Hi satish, i just spoke to my agent, he says u r right, they wont take longer for state sponsored non CSL apps. not longer thn 8-12 months
relax, dont worry


----------



## aussieland (Oct 14, 2008)

i m in non CSL list non sponsored list
my dreams are shattered....they not before end of 2012....


----------



## tilla_07 (Jan 13, 2009)

oy vey. seriously, they better not take out any of the current occupation on the csl. they can add more occupations in, but please dear god, do not let them change the csl where some occupations are taken out. 

it has been 3.5 months since i applied and im already getting antsy. only now i find out that i might have to wait 12 months or more depending on if they have change the csl or not. people like anj who have been waiting for over a year, kudos to you for your patience bc i sure as heck dont have it like urs.


----------



## anj1976 (Apr 24, 2008)

tilla will it affect the processing if i go on a panic spree?? being composed is the thing for me, this way atleast i can look for a backup plan..


----------



## jilkfree1978 (May 23, 2009)

have you looked on this site diac! it says non csl state sponsored applications are unlikely to be finalised before 2012! its a different page!!

after you lodge application page!!!

it has some processing times!

General Skilled Migration






anj1976 said:


> Hi satish, i just spoke to my agent, he says u r right, they wont take longer for state sponsored non CSL apps. not longer thn 8-12 months
> relax, dont worry


----------



## aussieland (Oct 14, 2008)

PankajNamdeo said:


> i m in non CSL list non sponsored list
> my dreams are shattered....they not before end of 2012....

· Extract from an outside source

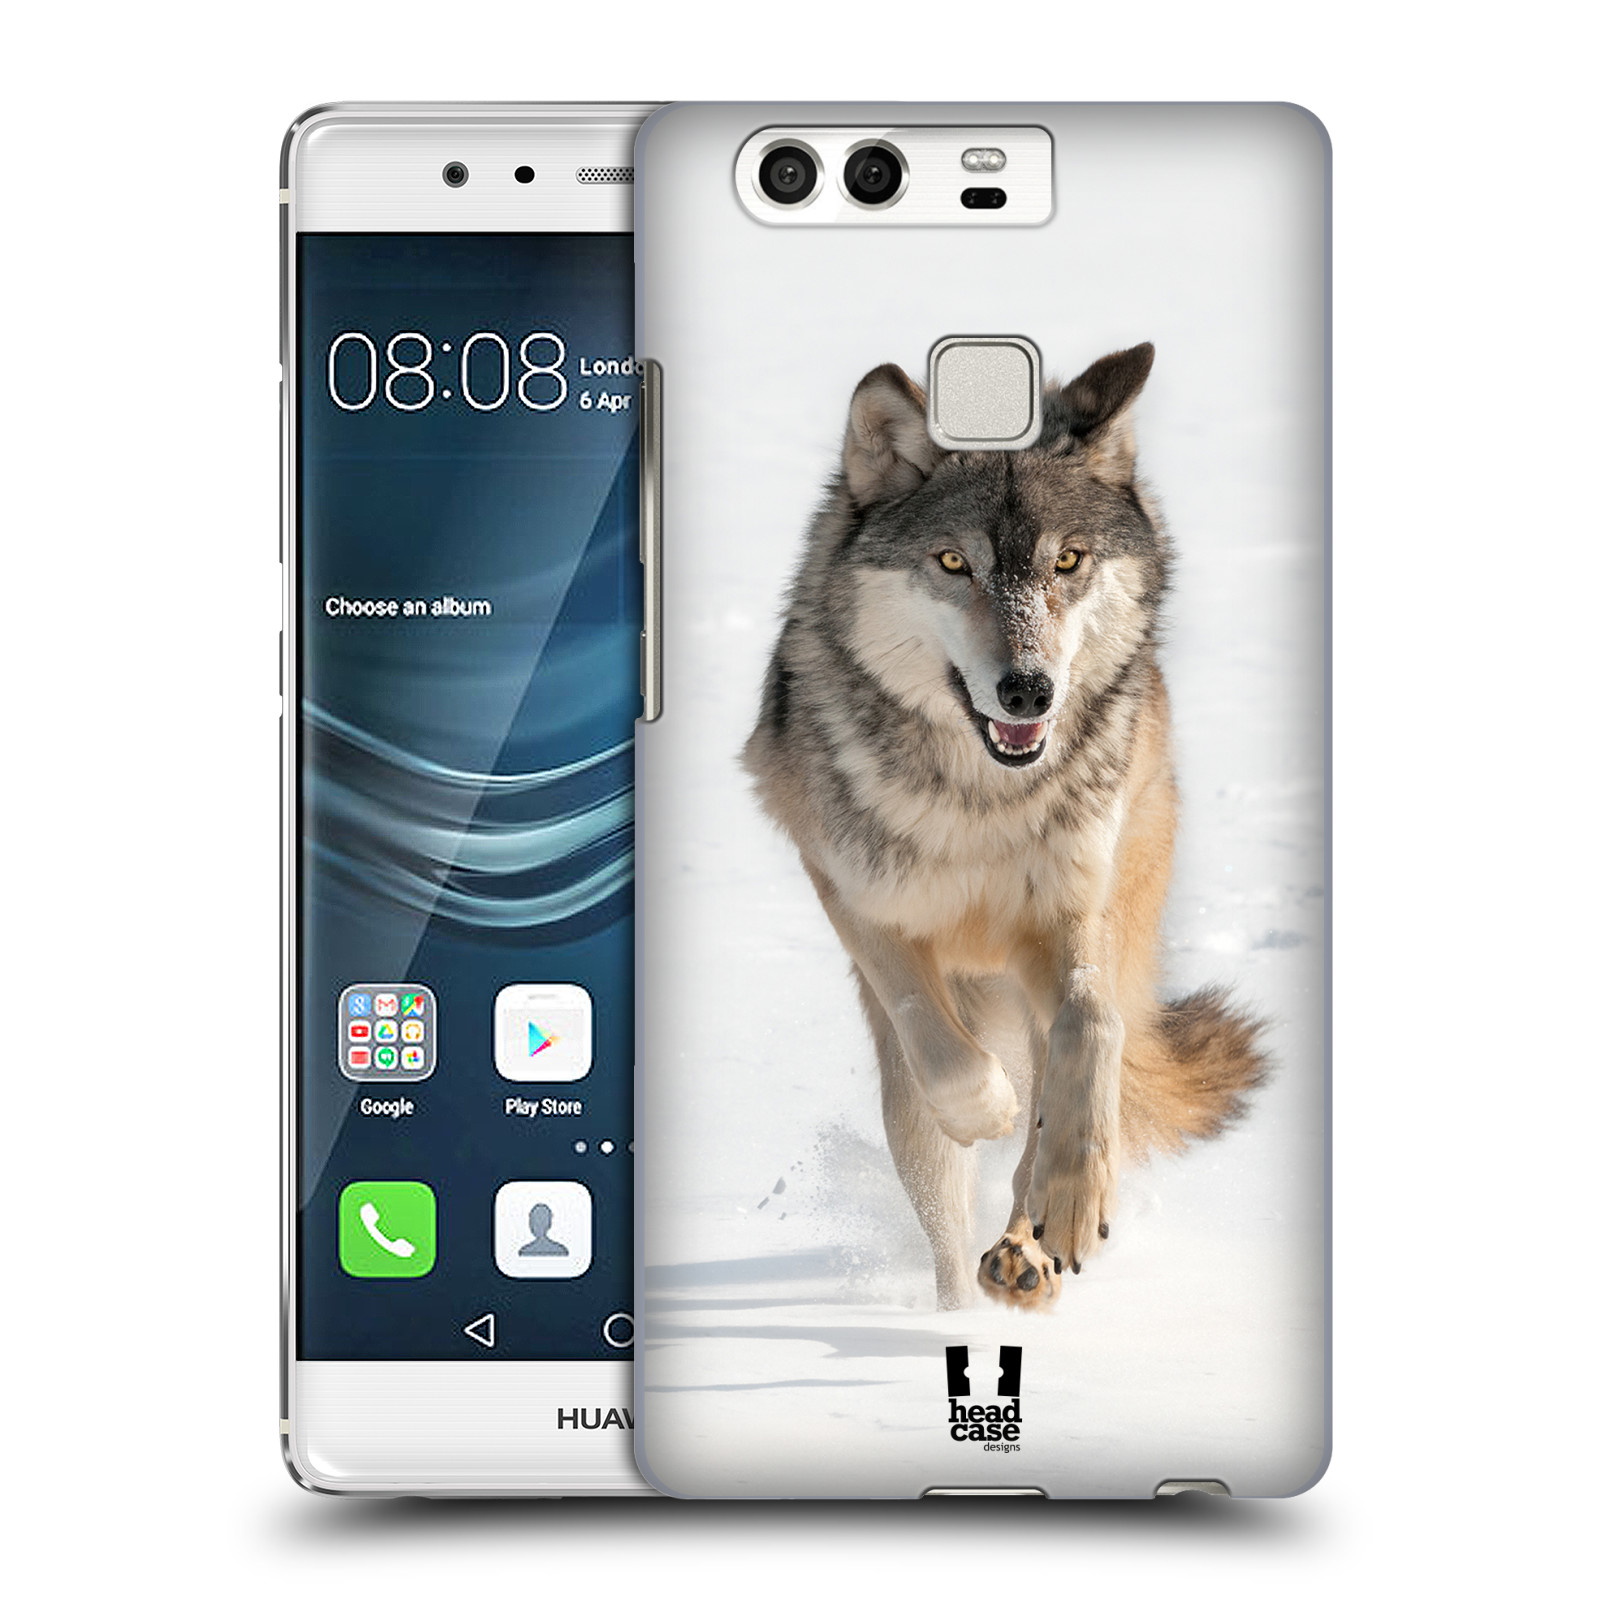 HEAD CASE plastový obal na mobil Huawei P9 / P9 DUAL SIM vzor Divočina, Divoký život a zvířata foto BĚŽÍCÍ VLK

i dont know what to do...even if i go for State sponsored(non CSL) then too it wll take 2012....only one way is left that is prayers.....that they include my occupation in the MODL list..


----------



## tilla_07 (Jan 13, 2009)

anj1976 said:


> tilla will it affect the processing if i go on a panic spree?? being composed is the thing for me, this way atleast i can look for a backup plan..


true, it wont have any affect on the processing, and thats why i said kudos to your patience and composure. unfortunately my backup plan would have been canada until i realized they changed their rules and now my occupation is out from their own list. 

damn these occupation lists these countries have. atleast with solely the points system, you were assured that you will get your visa and quickly too by passing the points mark. now, you have to be in these lists that for one country detrmines if you can apply at all while for another it determines how long you will be in the queue to get your visa.


----------



## tilla_07 (Jan 13, 2009)

jilkfree1978 said:


> have you looked on this site diac! it says non csl state sponsored applications are unlikely to be finalised before 2012! its a different page!!
> 
> after you lodge application page!!!
> 
> ...


i think im at the oint where im not interested in crying but laughing uncontrollably. oh el, it looks like it will be a 15 month wait atleast. best of luck to everyone here. i know its not easy to see this and not feel like your dreams are crumbling, but well, maybe for some of us its time to re-evaluate our dreams and goals or toughen up and wait for some more years.


----------



## jilkfree1978 (May 23, 2009)

they might change something else again before we get visa! and be pushed back 

again to even later processing our visa is not till end of 2012 now, can be going on for years! or maybe the occupation on 

the s.o.l list may be taken off or get less points so we dont qualify for 

sponsorship!! so in the end we dont qualify for visa!!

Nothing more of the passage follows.